# Problem statement:
Among the lines below, list those containing the string "from".

[Stored dataset items]
▬▬▬

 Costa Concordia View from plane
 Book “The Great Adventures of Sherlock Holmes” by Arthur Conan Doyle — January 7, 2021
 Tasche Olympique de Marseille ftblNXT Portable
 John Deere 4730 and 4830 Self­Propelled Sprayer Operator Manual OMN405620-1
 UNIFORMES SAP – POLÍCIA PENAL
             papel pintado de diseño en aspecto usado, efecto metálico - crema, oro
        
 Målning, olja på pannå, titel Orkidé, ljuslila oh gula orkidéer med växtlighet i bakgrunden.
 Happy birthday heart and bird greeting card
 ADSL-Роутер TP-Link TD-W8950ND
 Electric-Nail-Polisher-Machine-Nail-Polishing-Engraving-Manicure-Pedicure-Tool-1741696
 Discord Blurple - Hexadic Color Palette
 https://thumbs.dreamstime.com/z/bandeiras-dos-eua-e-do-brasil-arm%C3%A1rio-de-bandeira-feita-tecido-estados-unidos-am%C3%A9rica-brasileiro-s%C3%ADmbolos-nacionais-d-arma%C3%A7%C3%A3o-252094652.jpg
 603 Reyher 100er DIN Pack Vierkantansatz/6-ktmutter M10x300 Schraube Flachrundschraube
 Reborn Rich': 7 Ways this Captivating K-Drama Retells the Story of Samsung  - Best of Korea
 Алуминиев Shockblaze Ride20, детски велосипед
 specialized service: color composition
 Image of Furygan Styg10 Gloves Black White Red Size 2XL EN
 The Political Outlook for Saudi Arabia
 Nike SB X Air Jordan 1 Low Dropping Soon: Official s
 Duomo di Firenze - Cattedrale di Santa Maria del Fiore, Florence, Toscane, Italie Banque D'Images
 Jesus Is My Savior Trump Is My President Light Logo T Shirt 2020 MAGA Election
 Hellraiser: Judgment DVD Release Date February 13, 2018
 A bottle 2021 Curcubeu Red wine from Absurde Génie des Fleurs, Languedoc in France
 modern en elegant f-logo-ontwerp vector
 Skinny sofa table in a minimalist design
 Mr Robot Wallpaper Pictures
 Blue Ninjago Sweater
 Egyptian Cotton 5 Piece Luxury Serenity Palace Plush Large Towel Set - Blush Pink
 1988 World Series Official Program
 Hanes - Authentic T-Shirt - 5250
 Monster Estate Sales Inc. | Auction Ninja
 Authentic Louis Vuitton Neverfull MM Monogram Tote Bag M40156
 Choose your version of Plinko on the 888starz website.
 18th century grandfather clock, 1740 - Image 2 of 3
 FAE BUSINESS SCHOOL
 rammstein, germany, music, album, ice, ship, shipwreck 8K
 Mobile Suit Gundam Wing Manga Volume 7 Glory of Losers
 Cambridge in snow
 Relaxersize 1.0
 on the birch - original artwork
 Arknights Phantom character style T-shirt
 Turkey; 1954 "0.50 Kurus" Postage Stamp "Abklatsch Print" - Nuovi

▬▬▬

# Task answer:
 Costa Concordia View from plane
 A bottle 2021 Curcubeu Red wine from Absurde Génie des Fleurs, Languedoc in France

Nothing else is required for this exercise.